The character of Albinus is beautifully drawn, with his obsessions, his inability to draw back in the face of inevitable disaster and his naive hope that all will be well. Margot is a complex girl, a product of her surroundings and upbringing, cruel, capricious but yet needy and somehow sympathetic. Her early love of a man she knows as Miller will come back to stalk her in more ways than one. The shadowy figures of Elizabeth and Irma haunt Albinus, and Paul appears as a kind of avenging angel, encountering Albert or Margot again and again as the narrative continues, and trying to save them all.

Even though the characters aren’t always pleasant, you still find yourself sympathising with them and wishing they could tear themselves away from the horrors to come. And there *are* tragedies – sudden events that hit you in the gut when something undeserved happens. In many ways, what happens to Albinus and Margot is brought upon themselves, but there are innocent victims and Nabokov’s narrative is capable of sudden depth and poignance when you least expect it.

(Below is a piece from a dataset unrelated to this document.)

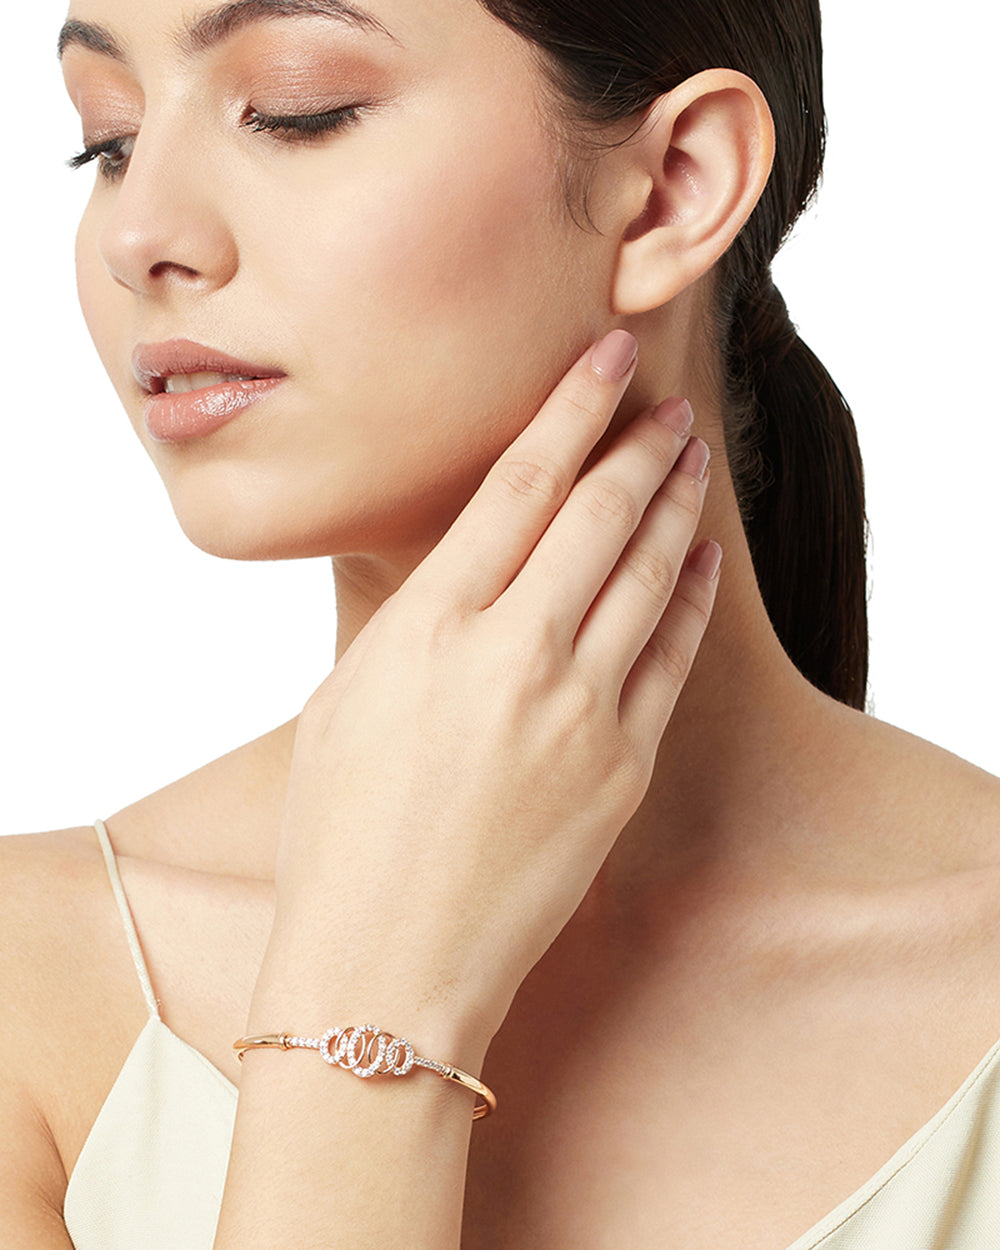 Women's Crown Design Rose Gold Bracelet With Gemstones - Voylla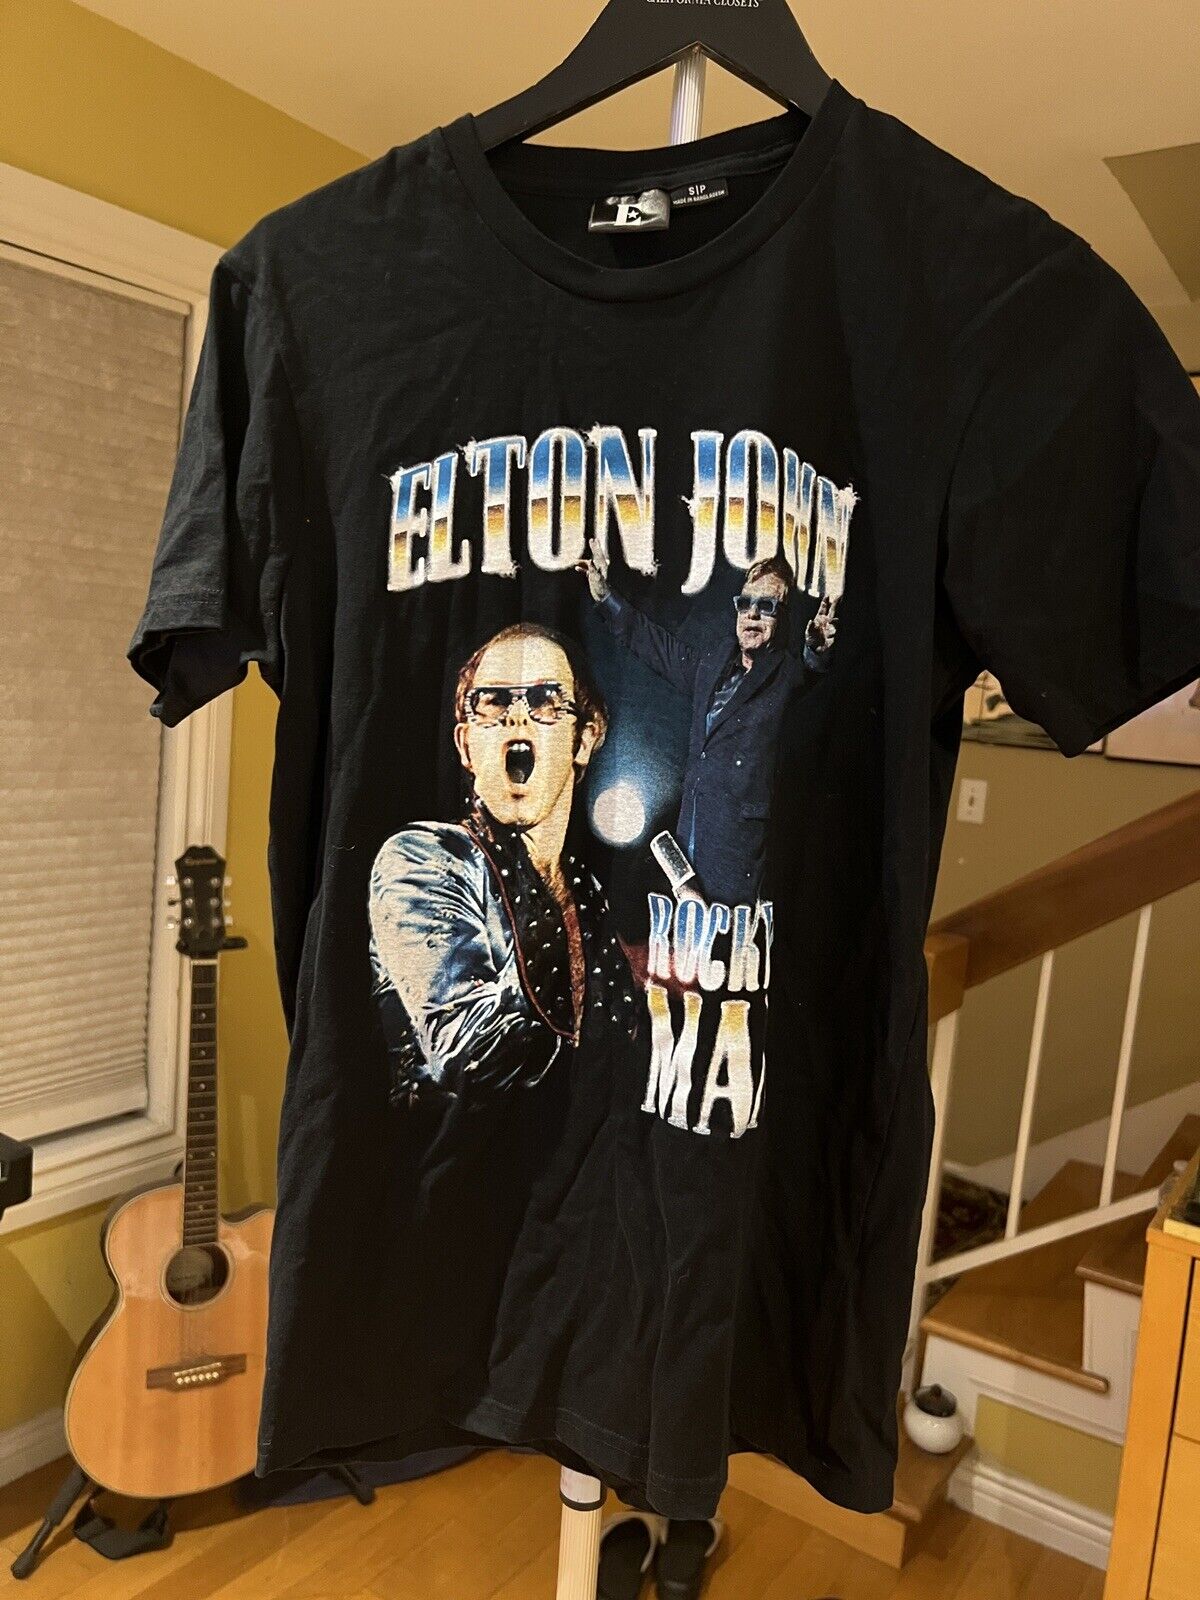 elton john t shirt small black - image 1

As always, Nabokov takes events and people, unpalatable on the surface, and weaves a compelling story around them; his prose is wonderful, his control of his material masterly and the lid he lifts which exposes human motivations is illuminating. Nabokov is definitely one of my favourite authors and I think I’m going to feel the need to read another of his works soon…. 🙂

( I was prompted to read this owing to another attack of hopeless memory! Browsing in the Samaritans Book Cave, I came across this book and didn’t think I had it so purchased it, and read the first few chapters over a frothy coffee in town. However, when I got home of course I already had it 😦 – really I must find a sensible way to carry lists of books around! But having started it, I was so gripped I had to carry on – so the purchase wasn’t an entire waste!)